The interesting bit is going to be whether we see AI being used in maturing those small systems into big complex ones that account for the edge cases, meet all the requirements, scale as needed, etc. That's hard for humans to do, and particularly while still moving. I've not see any of this from AI yet outside of either a) very directed small changes to large complex systems, or b) plugins/extensions/etc along a well define set of rails.
A friendly counterpoint: my test of new models and agentic frameworks is to copy one of my half a zillion old open source git repos for some usually very old project or experiment - I then see how effective the new infra is for refactoring and cleaning up my ancient code. After testing I usually update the old projects and I get the same warm fuzzy feeling as I do from spring cleaning my home.
I also like to generate greenfield codebases from scratch.
Enterprise IT dinosaur here, seconding this perspective and the author’s.
When I needed to bash out a quick Hashicorp Packer buildfile without prior experience beyond a bit of Vault and Terraform, local AI was a godsend at getting me 80% of the way there in seconds. I could read it, edit it, test it, and move much faster than Packer’s own thin “getting started” guide offered. The net result was zero prior knowledge to a hardened OS image and repeatable pipeline in under a week.
On the flip side, asking a chatbot about my GPOs? Or trusting it to change network firewalls and segmentation rules? Letting it run wild in the existing house of cards at the core of most enterprises? Absolutely hell no the fuck not. The longer something exists, the more likely a chatbot is to fuck it up by simple virtue of how they’re trained (pattern matching and prediction) versus how infrastructure ages (the older it is or the more often it changes, the less likely it is to be predictable), and I don’t see that changing with LLMs.
LLMs really are a game changer for my personal sales pitch of being a single dinosaur army for IT in small to medium-sized enterprises.
Yeah, I use it to get some basic info about topic I know little of (as google search is getting worse by the day..). That then I check.
Honestly the absolute revolution for me would be if someone managed to make LLM tell "sorry I don't know enough about the topic", one time I made a typo in a project name I wanted some info on and it outright invented commands and usages (that also were different than the project I was looking for so it didn't "correct the typo") out of thin air...
>LLMs really are a game changer for my personal sales pitch of being a single dinosaur army for IT in small to medium-sized enterprises.
This is essentially what I'm doing too but I expect in a different country. I'm finding it incredibly difficult to successfully speak to people. How are you making headway? I'm very curious how you're leveraging AI messaging to clients/prospective clients that doesn't just come across as "I farm out work to an AI and yolo".
Which local AI do you use? I am local-curious, but don’t know which models to try, as people mention them by model name much less than their cloud counterparts.
I let Claude configure en setup entire systems now. Requires some manual auditing and steering once in a while. But managing barebone servers without any management software has become pretty feasible and cheap. I managed to configure +50 Debian server cluster simultaneously with just ssh and Claude. Yes it's cowboy 3.0. But so are our products/sites.
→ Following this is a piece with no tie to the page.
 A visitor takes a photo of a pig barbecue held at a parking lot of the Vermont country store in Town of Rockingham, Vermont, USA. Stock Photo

Isn't this true of any greenfield project? with or without generative models. The first few days are amazingly productive. and then features and fixes get slower and slower. And you get to see how good an engineer you really are, as your initial architecture starts straining under the demands of changing real world requirements and you hope it holds together long enough to ship something.
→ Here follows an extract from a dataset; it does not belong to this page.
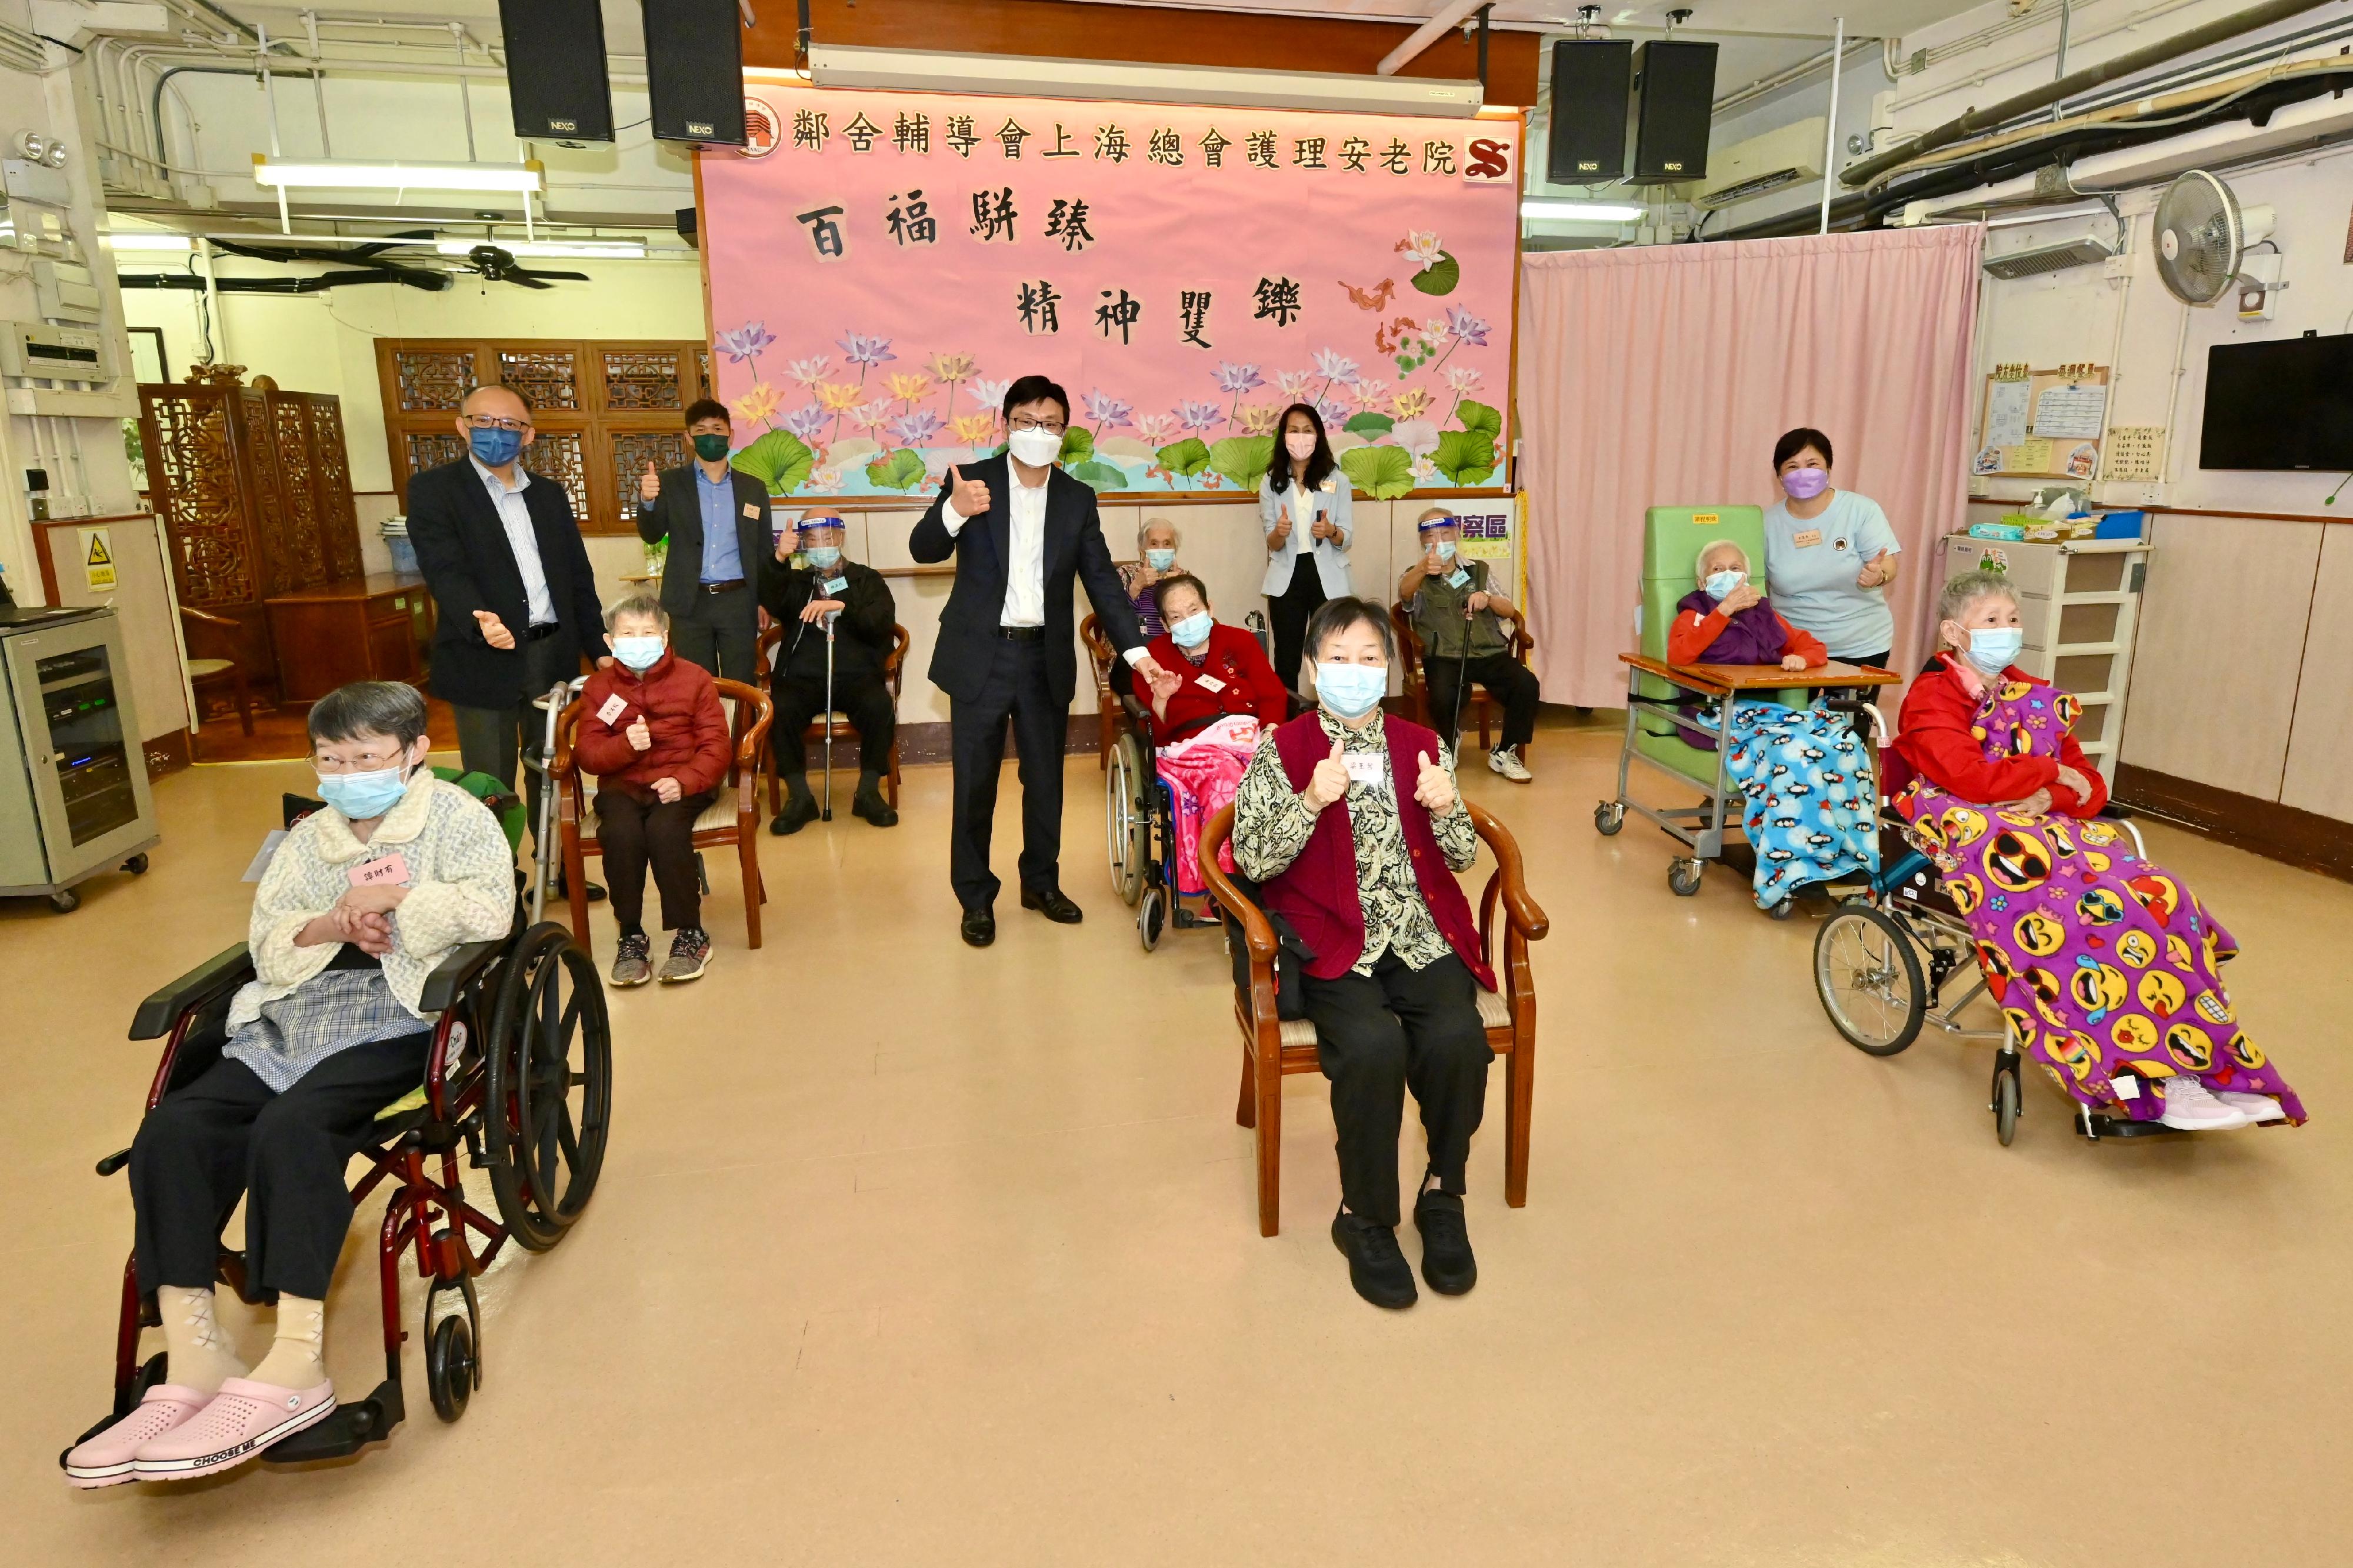 The Secretary for Labour and Welfare, Mr Chris Sun, today (July 5) inspected a COVID-19 vaccination day at a residential care home for the elderly in Ho Man Tin to take a closer look at the latest progress of outreach vaccination for residential care homes. Photo shows Mr Sun (second row, third left); the Executive Director of the Neighbourhood Advice-Action Council, Ms Fung Sau-man (third row, second right); and the Assistant Director of Social Welfare (Elderly), Mr Tan Tick-yee (second row, first left), with residents receiving vaccination today.

"I could make that in a weekend"
"The first 80% of a project takes 80% of the time, the remaining 20% takes the other 80% of the time"
That is a good point and true to some extent. But IME with AI, both the initial speedup and the eventual slowdown are accelerated vs. a human.
I've been thinking that one reason is that while AI coding generates code far faster (on a greenfield project I estimate about 50x), it also generates tech-debt at a hyperastonishing rate.
It used to be that tech debt started to catch up with teams in a few years, but with AI coded software it's only a few months into it that tech debt is so massive that it is slowing progress down.
I also find that I can keep the tech debt in check by using the bot only as a junior engineer, where I specify precisely the architecture and the design down to object and function definitions and I only let the bot write individual functions at a time.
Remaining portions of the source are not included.